I’d hoped to bring along a French-speaking undercover FBI agent to translate, but the bureau hadn’t been able to find anyone qualified. So the Spanish officer did the job. He moved from French to English and English to French with speed and gusto, but also with an unsettling lisp and effeminate voice that belied the tense negotiation. I could imagine the macho FBI agents watching on video in the next room, snickering at the incongruity.
I said, “I don’t want to go to jail either.”
“Yes, we know what is important.”
“So,” I said, hoping to get a confession on tape, “tell me about the robbery.”
Patrick was only happy to.
I ALWAYS TELL rookies that you’ve got to run down every lead.
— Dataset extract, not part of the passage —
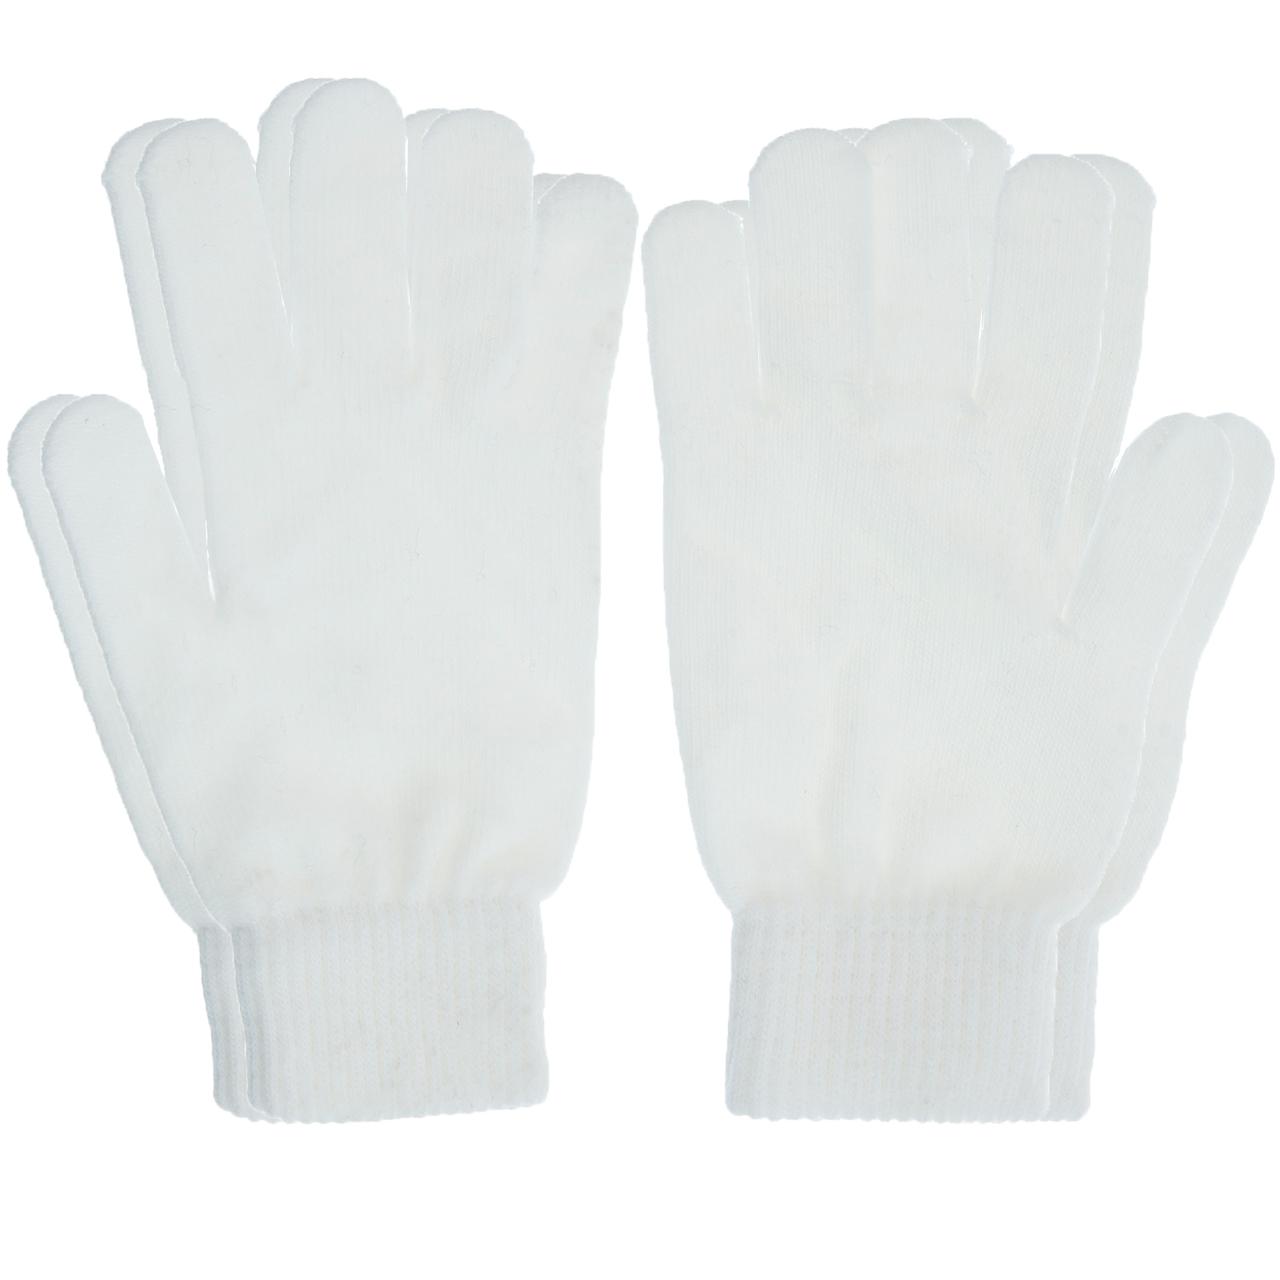 دستکش کد239 سفید بسته 2 عددی

You never know which one will pan out.
Sometimes long shots pay off.
When Laurenz had dropped out of the deal, the agents at the Boston FBI office had thrown up their hands and closed the file. But the Miami division had not given up on Sunny; its agents opened a new investigation, Operation Masterpiece II, and lured Sunny back with the promise of a large cocaine deal. Soon, Sunny was calling me again to talk art.
At first, we spoke of the Vermeer and Rembrandt. But he also began to offer a second set of paintings—four works, including a Monet and a Sisley—stolen the previous summer from a museum in Nice. The two sets of paintings were held by different sets of gangsters, Sunny said.
I made it clear that I wanted the Boston paintings, not the Nice paintings. Sunny said I had to buy the Nice paintings first. It was a way to build trust, he said.